Task description: Set down the data below in full and exactly, minus the pictures.

Dataset excerpt:
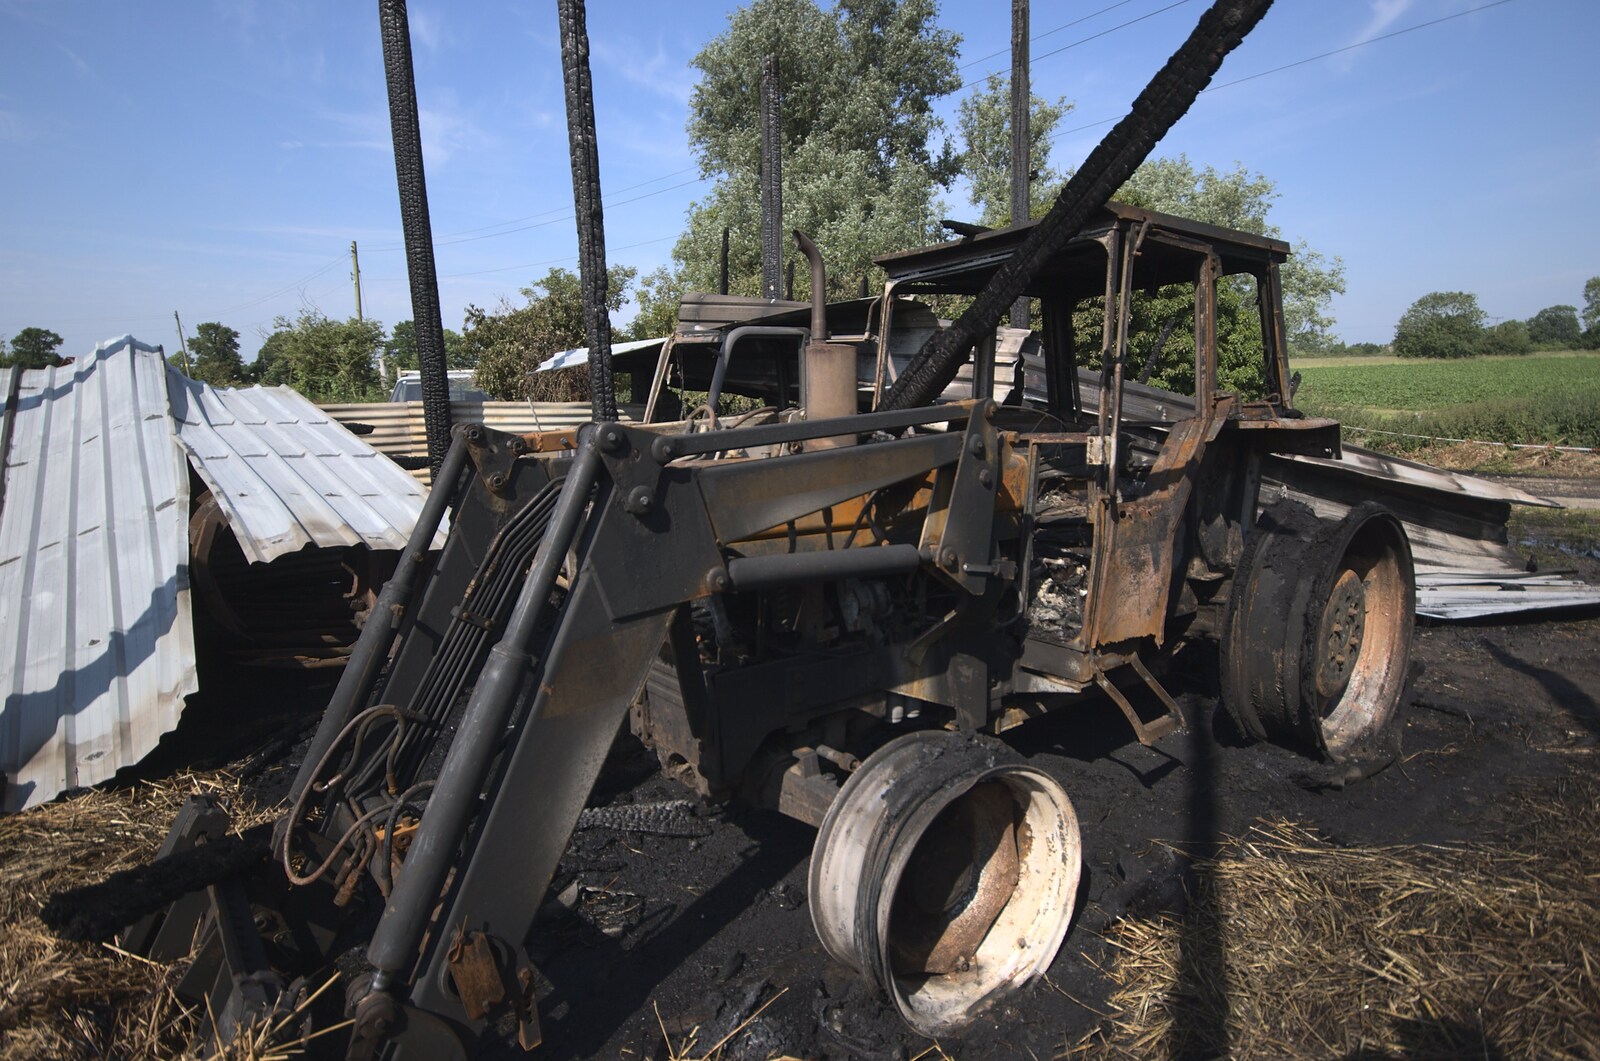 The destroyed tractor from A Fire at Valley Farm, Thrandeston, Suffolk - 24th June 2009
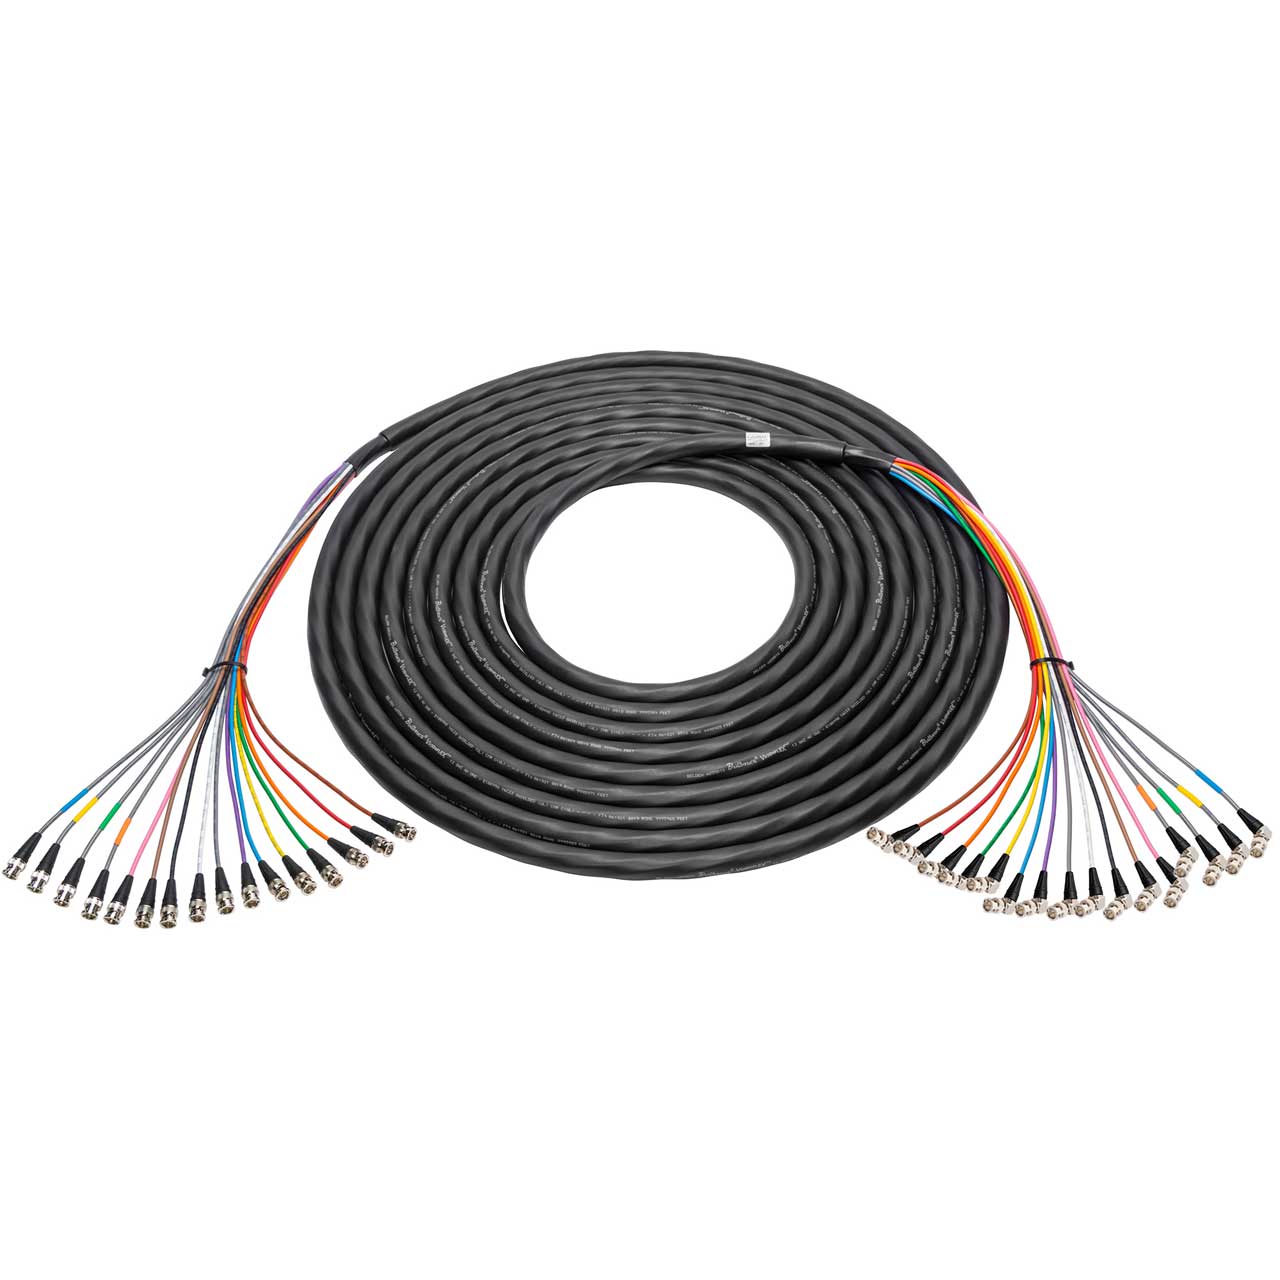 Laird 4855R16-BBA-003 16-Channel 12G-SDI/4K UHD BNC Male to Right Angle BNC Male Snake Cable - 3 Foot 4855R16-BBA-003
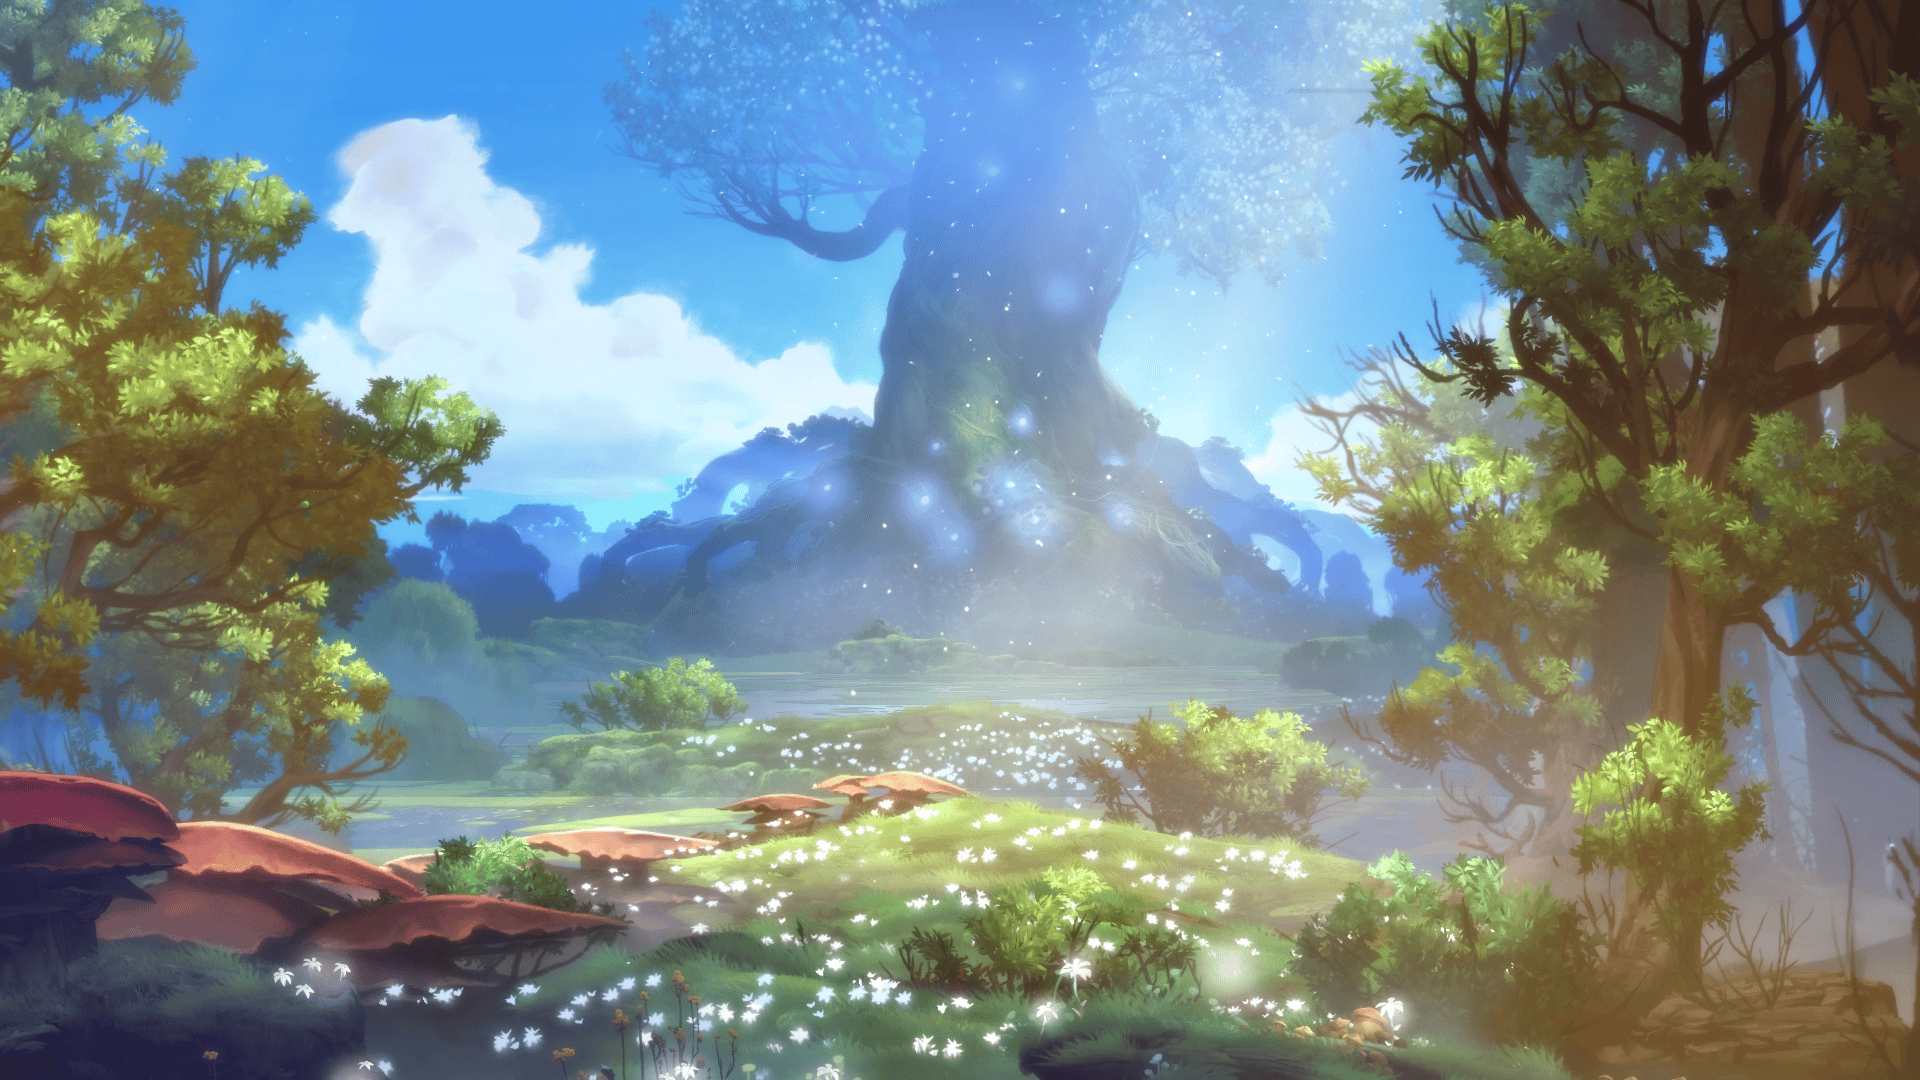 How long is Ori and the Blind Forest demo?

Response for this exercise:
 The destroyed tractor from A Fire at Valley Farm, Thrandeston, Suffolk - 24th June 2009
 Laird 4855R16-BBA-003 16-Channel 12G-SDI/4K UHD BNC Male to Right Angle BNC Male Snake Cable - 3 Foot 4855R16-BBA-003
 How long is Ori and the Blind Forest demo?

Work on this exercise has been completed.